$1B in net revenue

Sands' revenue continues downward trend in Q2 amid Covid restrictions in Macau, but Singapore rebounds

2022-07-21
Reading time 3:20 min

Gaming and hospitality giant Las Vegas Sands has reported financial results for the second quarter of the year. Pandemic-related restrictions and reduced visitation took a toll on its Macau and Singapore operations during the period ended June 30, resulting in a widened net loss of $414 million, compared to $280 million in Q2 last year.

Additionally, the company reported net revenue of $1.05 billion, down from $1.17 billion in the prior quarter; and an operating loss of $147 million, up from the $139 million in the same period last year. Consolidated adjusted property EBITDA was $209 million versus $244 million in the prior year comparable quarter.

"While pandemic-related restrictions continued to impact our financial results this quarter, we were pleased to see the recovery in Singapore accelerate during the quarter, with Marina Bay Sands delivering $319 million in adjusted property EBITDA,” said Robert G. Goldstein, chairman, and chief executive.

The executive further said the company remains "enthusiastic" about the opportunity to welcome more guests back to its properties once greater volumes of visitors are eventually able to travel to Macau and Singapore.

While demand for the company’s offerings from customers who have been able to visit these locations remains "robust," Sands credits pandemic-related travel restrictions still in place in both Macau and Singapore as continuing to hinder current financial performance.

"Our industry-leading investments in our team members, our communities, and our Integrated Resort property portfolio position us exceedingly well to deliver future growth as travel restrictions subside and the recovery comes to fruition,” Goldstein added.



Breaking down companywide revenue for the period by vertical shows casino revenue represented $709 million of the total, while rooms delivered $97 million in revenue. Food and beverage revenue amounted to $63 million, mall posted $148 million, and convention, retail, and others represented $28 million.

Macau operations represented $374 million of total revenue. The company’s presence in the market was led by The Venetian Macau, which delivered $150 million in revenue, followed by The Londoner Macao and The Plaza Macau and Four Season Macau with $79 million each. The Parisian Macao posted $42 million.  Meanwhile, Singapore’s Marina Bay Sands saw revenue of $679 million.
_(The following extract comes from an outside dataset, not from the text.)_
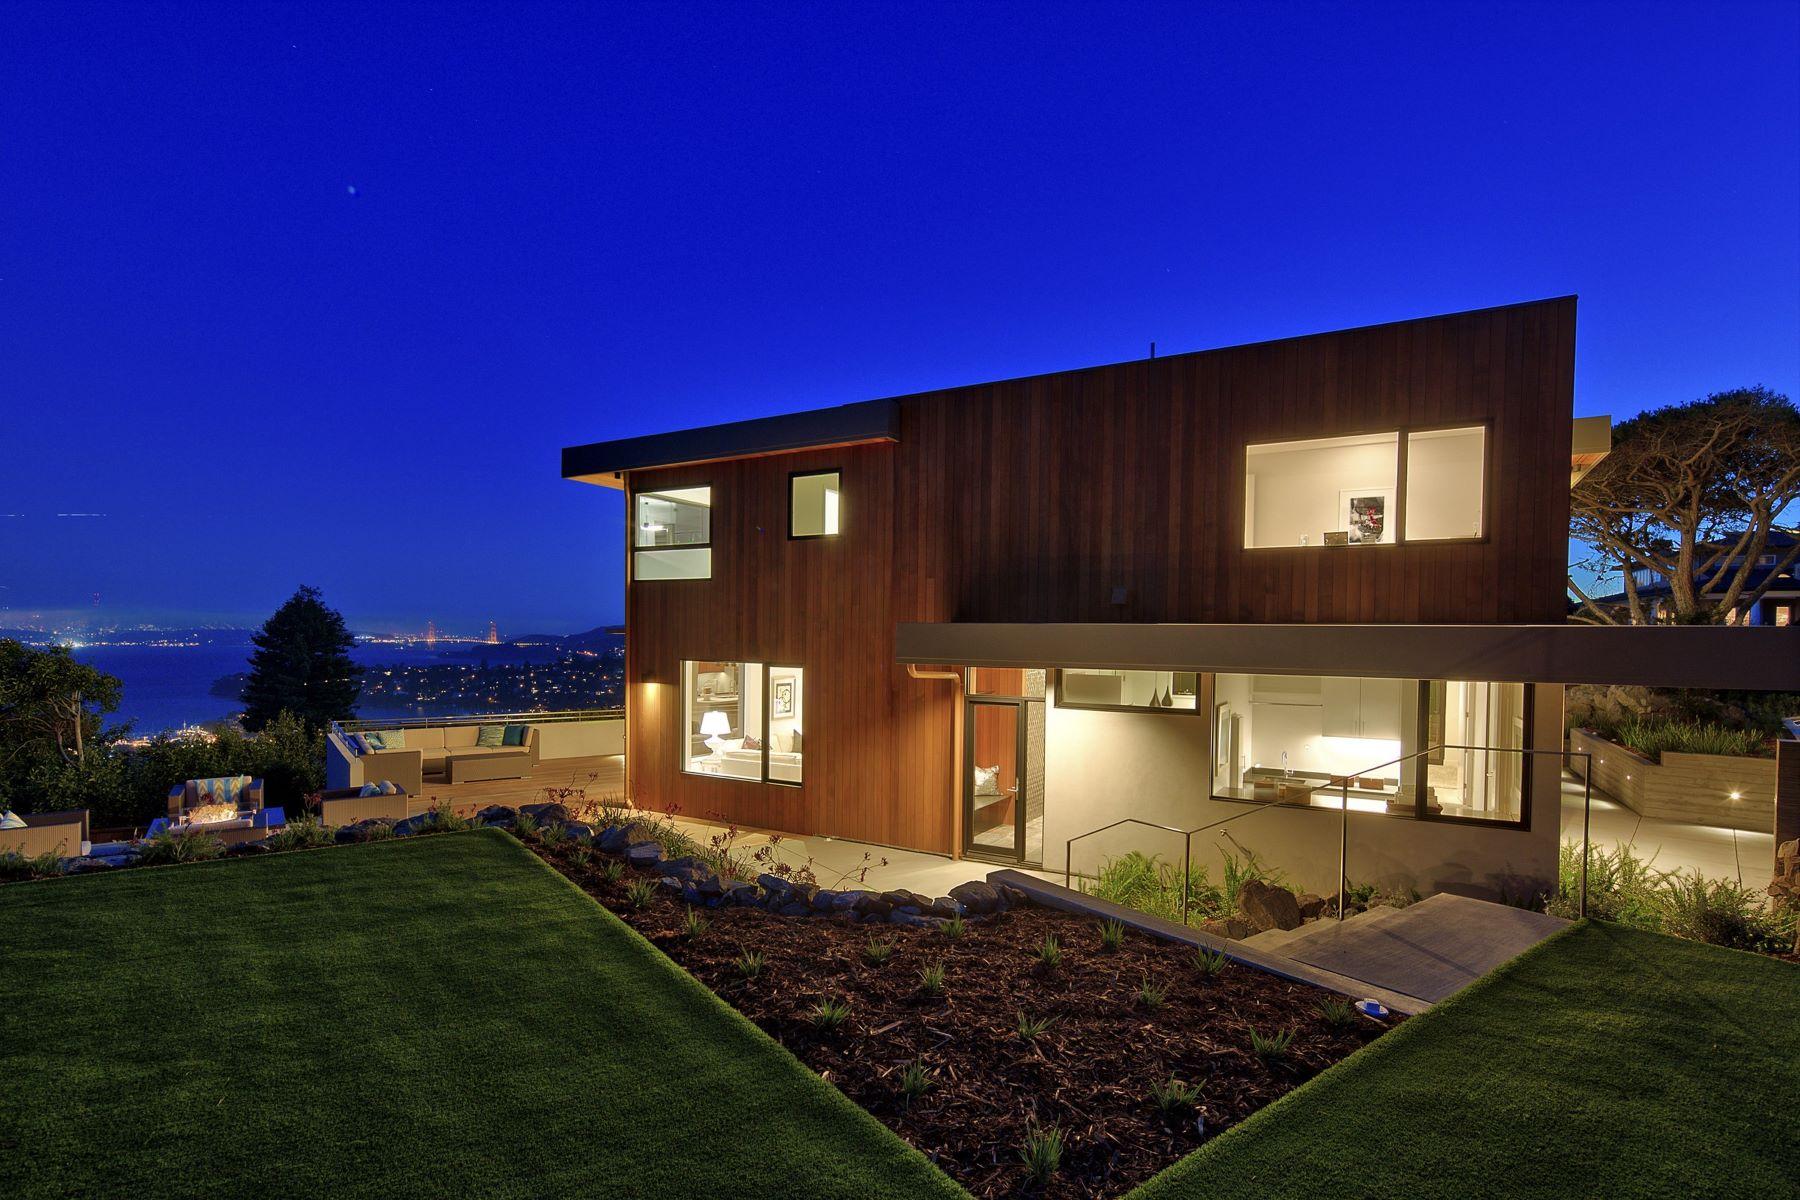 واحد منزل الأسرة للـ Sale في Spectacular Ultra Contemporary Home 86 Sugarloaf Dr Tiburon, California 94920 United States

Sands’ second-quarter results don’t reflect revenue generated since a government-ordered closure of Macao’s 41 casinos that began July 11. According to a government announcement earlier this week, casinos are expected to reopen on Saturday, July 23.


Marina Bay Sands in Singapore

Goldstein said the rebound of the Singapore market was one ray of sunshine in the second-quarter report, and he acknowledged that Macao continues to be a struggle. He noted the company has invested $2.2 billion in Macao and $1 billion in Singapore in the past year.

"The operating environment there (in Macao) remains very difficult,” Goldstein told investors in a conference call on earnings. "Restrictions have been lifted. Macao has proven resilient at the premium mass level in both the gaming and retail perspective."

"As the market eventually recovers, our $2.2 billion investment program at Four Seasons and Londoner (in Macao) will provide outstanding growth opportunities in both the premium and mass customer segments," he further commented as reported by Las Vegas Review-Journal.

The $1 billion investment in Singapore upgrades hotel rooms in the company’s Marina Bay Sands, and Goldstein said he expects the update will command even higher room rates than before the pandemic. Marina Bay Sands, he said, already has delivered $319 million in adjusted property cash flow during the quarter.

Sands officials offered investors no guidance on the third-quarter financial picture which likely will be affected by 12 days of closures and a slow rebound.


Ao Ieong U, secretary for social affairs and culture

Earlier this week, Ao Ieong U, secretary for social affairs and culture, said at a briefing that Macau will allow gaming venues to resume operations as long as they meet the required conditions in regards to ventilation and disinfection. The facilities are also required to have 50% of normal staffing levels at work, and activities that require the removal of masks for extended periods of time are forbidden. 

However, according to analysts, even with the Saturday reopening in sight, it could take weeks for visitation numbers to bounce back. It was also earlier this month that analysts predicted that any recovery in gaming revenue would most likely not happen until the end of the third quarter or during the fourth quarter. 

The city's six current concessionaires have had their licenses extended temporarily to December while a new tender process is underway.

"We appreciate the clarity of the revised gaming law in June and we look forward to participating in the concession retendering process as it proceeds,” Goldstein said during the call with investors. "We consider our portfolio of resorts in Asia to be the ideal platform for growth in the years ahead, and we’ll additionally pursue other opportunities in large land-based destinations in the U.S. and Asia," he concluded as reported by Review-Journal.